A greeting from Existence – a brightly waved good-bye.

Incident At Sakina

                 (An Arusha Story)

arusha city pic1

 I’m deep in the music, lost in the sound,

 foot beating the time, fingers playing the strings,

 that sing their soft song of f sharp to d,

 the notes in between, that lingering e,

 then came a shriek, then the screams, a quick rush of feet, 

 beneath the blue sky, through the green of the trees, 

 then a silence as loud as a lioness’ roar,

 that froze my fingers right on the edge, 

 heart pounding, just listening, to shouts, to loud moans,

 the running of feet, the noise of a crowd,

 then me running too, from door to the gate,

 to that scatter of rags that lay on the road,

 where we gathered in awe of the presence of  death;

‘mangoes, that’s what she sold,’ 

‘she was so old, and so poor,’

‘the car came haraka,’

‘he came at her fast, and disappeared quick,’ 

‘thrown high in the air.

 ‘like a leaf on the wind,”

“pole sana, so sorry’

“sikitika,”so sad,’

“vipi, dada? Unasaema?”

‘what’s up sister, you say what,’

“ay mbali sana,, ay very bad.’

‘hey what’s up with her brother?’

 “just dead, man, ala, this old Maasai,

 ‘twende, let’s go, look, forget it my brother,

 ‘life is too short and we gotta go,”

  so they left, the crying, the wailing, 

  the blood  pooled at our feet,

  as women pushed past me, then the police,

  all dressed in white and very polite,

  then we all turned away, to carry on life,

  without gods, a purpose, 

  to face out own fate.

An Angry Wind Is Coming

( A warning from the grave)

marx

An angry wind whips the trees, tears the leaves,

Claws them down, throws them up,

Then beats them through the air-Enraged,

So angry mobs like storms will come,

Upon the ones who reign ,

Who love, like flies, decay and death-

We know them from their stench,

The miseries they have made-

But what will be, this angry mob,

Of the left, or of the right,

A million Che Guevara’s or Mussolini’s spawn,

Bred in beds of ignorance and lousy with their hate,

Bringing worse upon us still, and with an iron fist?

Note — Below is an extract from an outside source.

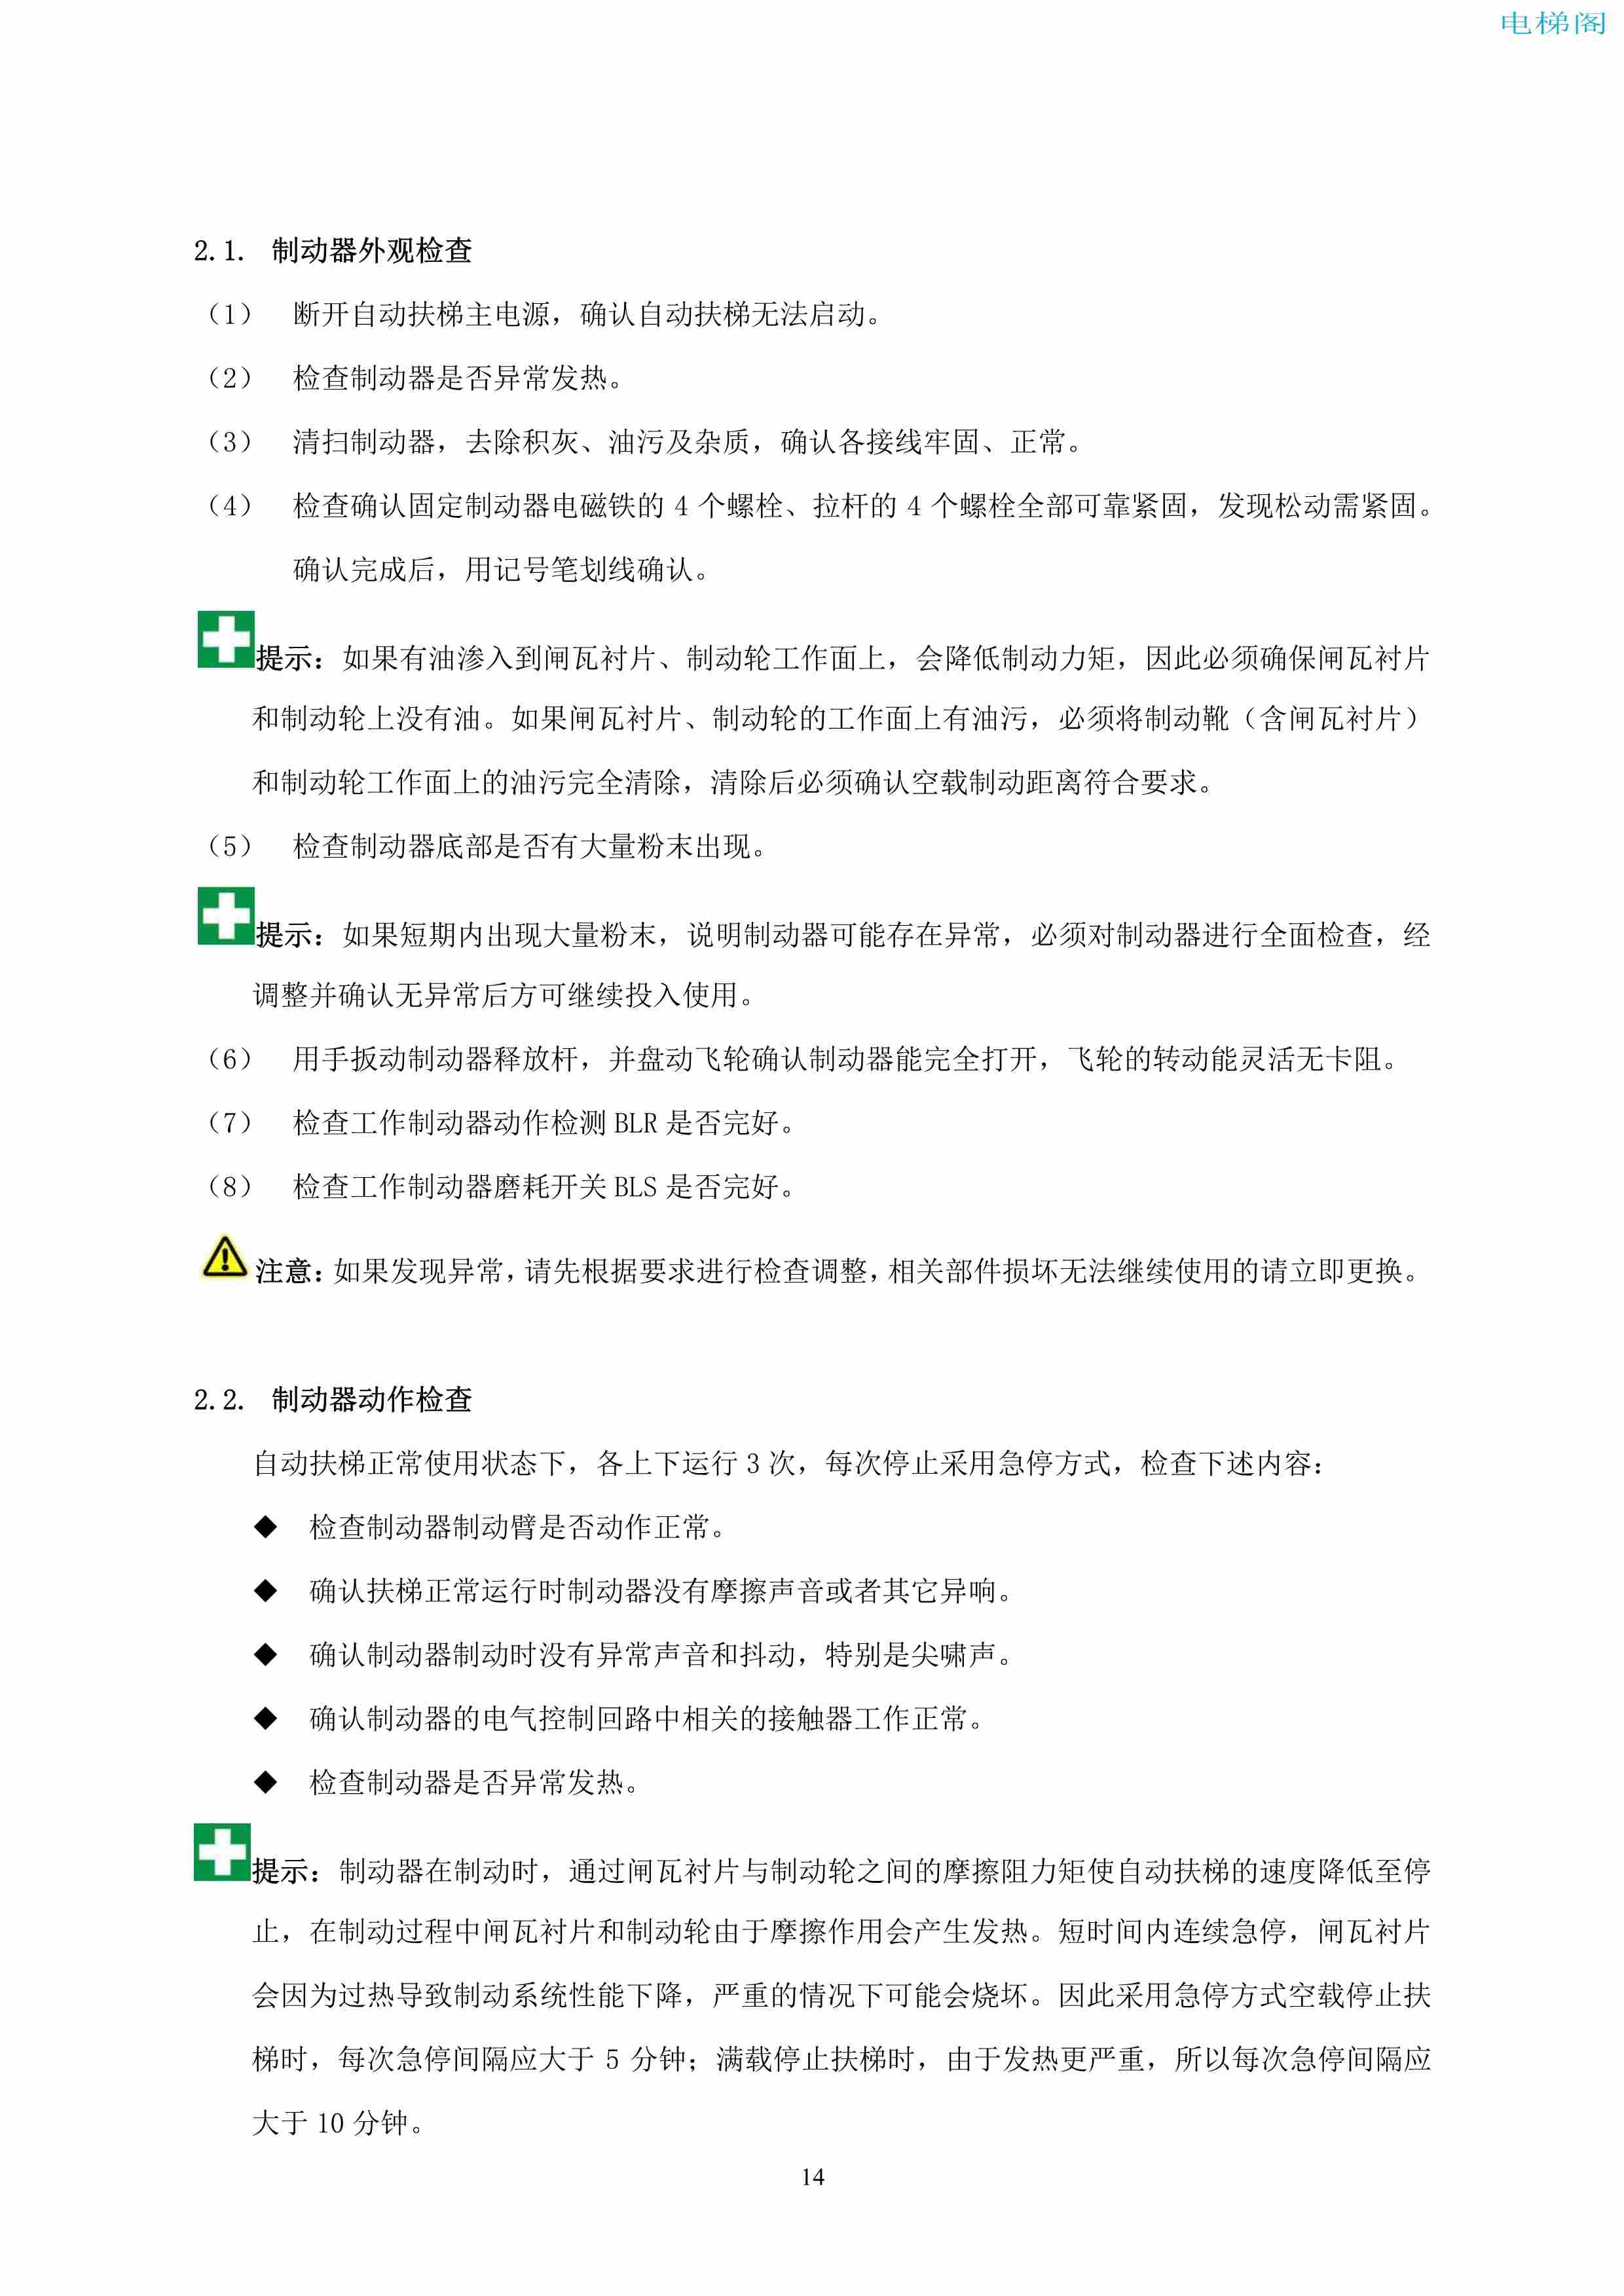 上海三菱电梯有限公司自动扶梯制动器维护作业要领汇编_15.jpg

The storm has come upon us, there’s thunder in the air,

Zola, now is never read, Neruda is reviled,

Saramago showed the Blindness, Sinclair, the Jungle of their kind,

Capital is forgotten and all the truth therein,

Where are they our heroes, when now we need them more?

Mac The Knife is back in power and works in dark of night,

And where are you my comrades, are you on the barricades,

Or wrapped in sad, self-pity, in doubt of what you are,

Caring more for you and yours, and less for us and ours?

An angry wind is coming, so get your selves prepared,

Be warned, and act, my comrades, or end up on your knees.

 

October Is Upon Us

separation_3

October is upon us and soon November’s dreary days,

As if the days of June were dreams, its promises a haze,

The leaves descend and swirl about, in yellow, orange, red,

While clouds hang low in moody skies, and old folk seek their bed,

A voice calls out and asks for tea, as day leads into night,

Footsteps pass the windowsill, of children, out of sight,

Calling up old memories, of that day you held my hand,

Walking on the riverbank, or listening to the band,

That played their weekly concert, and made us all so smile,

We felt the urge to dance again, and did so, for a while,

Made pledges we could never keep, no matter how we tried,

For other clouds soon gathered and I crossed the ocean wide,

Our letters stopped, our lives went on, as if we’d never been,

And now, I hear this winter, will be one we’ve never seen.